St. David, Patron Saint of Wales
The coast of Wales has at its most western point one of the oldest Christian centers in the British Isles: St. David’s, in use for 1500 years.
According to stories passed down, St. David was a descendant of British royalty, born about 462. David studied to be come a priest and eventually founded a monastery at St. David’s.
The monks at St. David’s followed a routine of demanding physical labor and prayer. One account explained “with hand and foot they work zealously at their tasks; they lay the yoke upon their shoulders, with untiring arms they place poles and stakes in the ground, with holy hands they carry saws and hooks for cutting. By their own strength they provide all things necessary for their community; they refuse possessions, they refuse the gifts of the unjust, abominate riches; no team of oxen is brought in for ploughing. Each one is wealth to himself and his brethren, each is an ox.”
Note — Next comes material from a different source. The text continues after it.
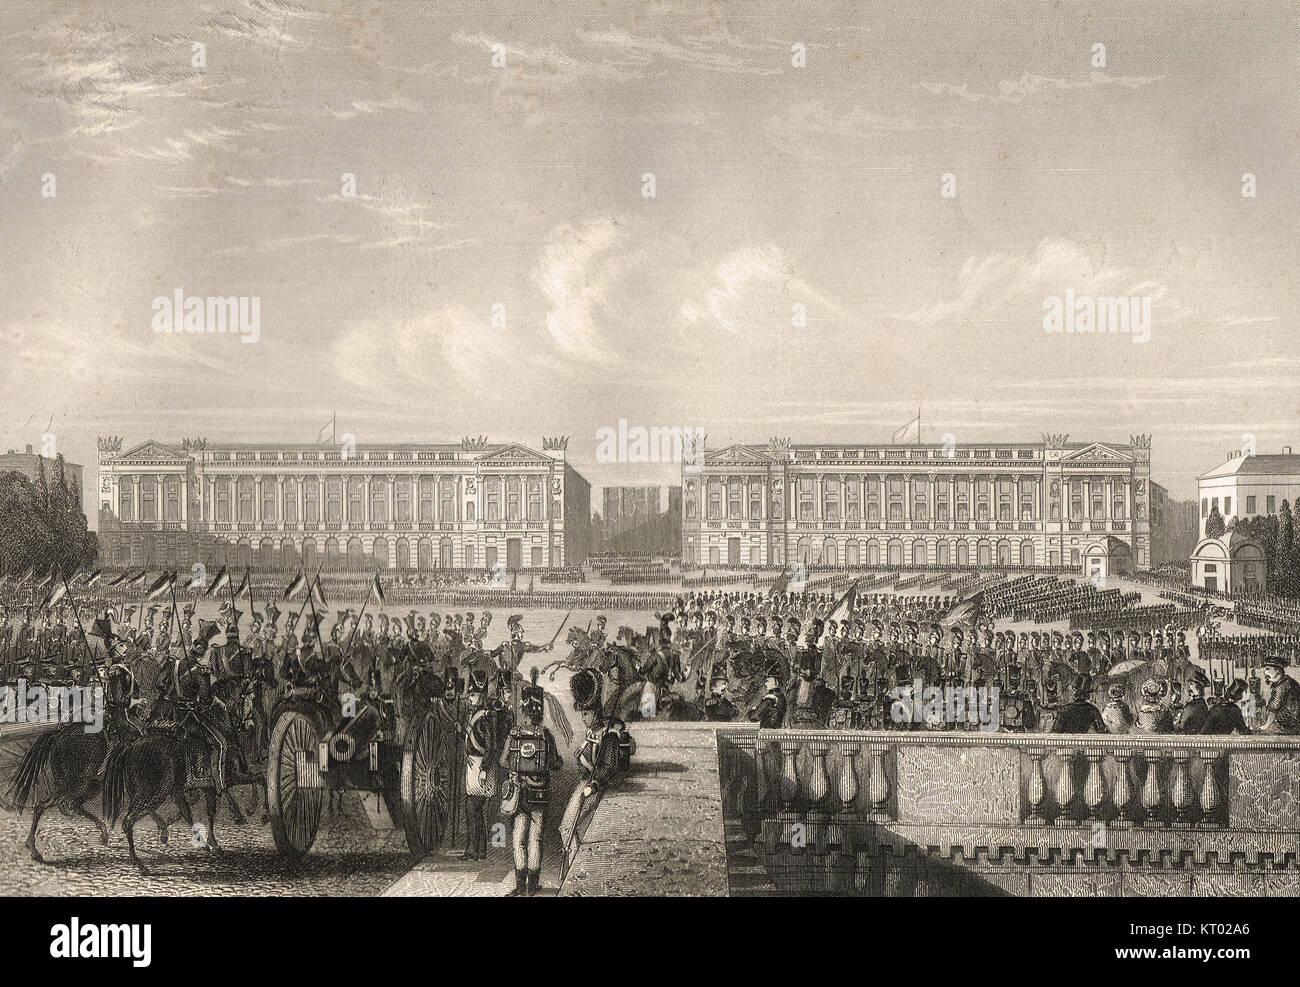 La entrada de los Aliados en París, 7 de julio de 1815. Campaña de Waterloo, Waterloo a París 2-7 Imagen De Stock

Historian H. W. Lloyd summed up: “St. David’s, called by the Welsh Ty Ddewi, or House of David, was formerly a celebrated place of pilgrimage. Stones, marked with sculptured crosses, were set at convenient intervals on the road leading there, along the heights above the sea from Fishgard, both as guides to the traveller, and as stations for prayer along the journey. Three royal personages are named in history as having visited it in pilgrimage—William the Conqueror, Henry II, and Edward I, as well as innumerable votaries from this as well as from foreign countries.”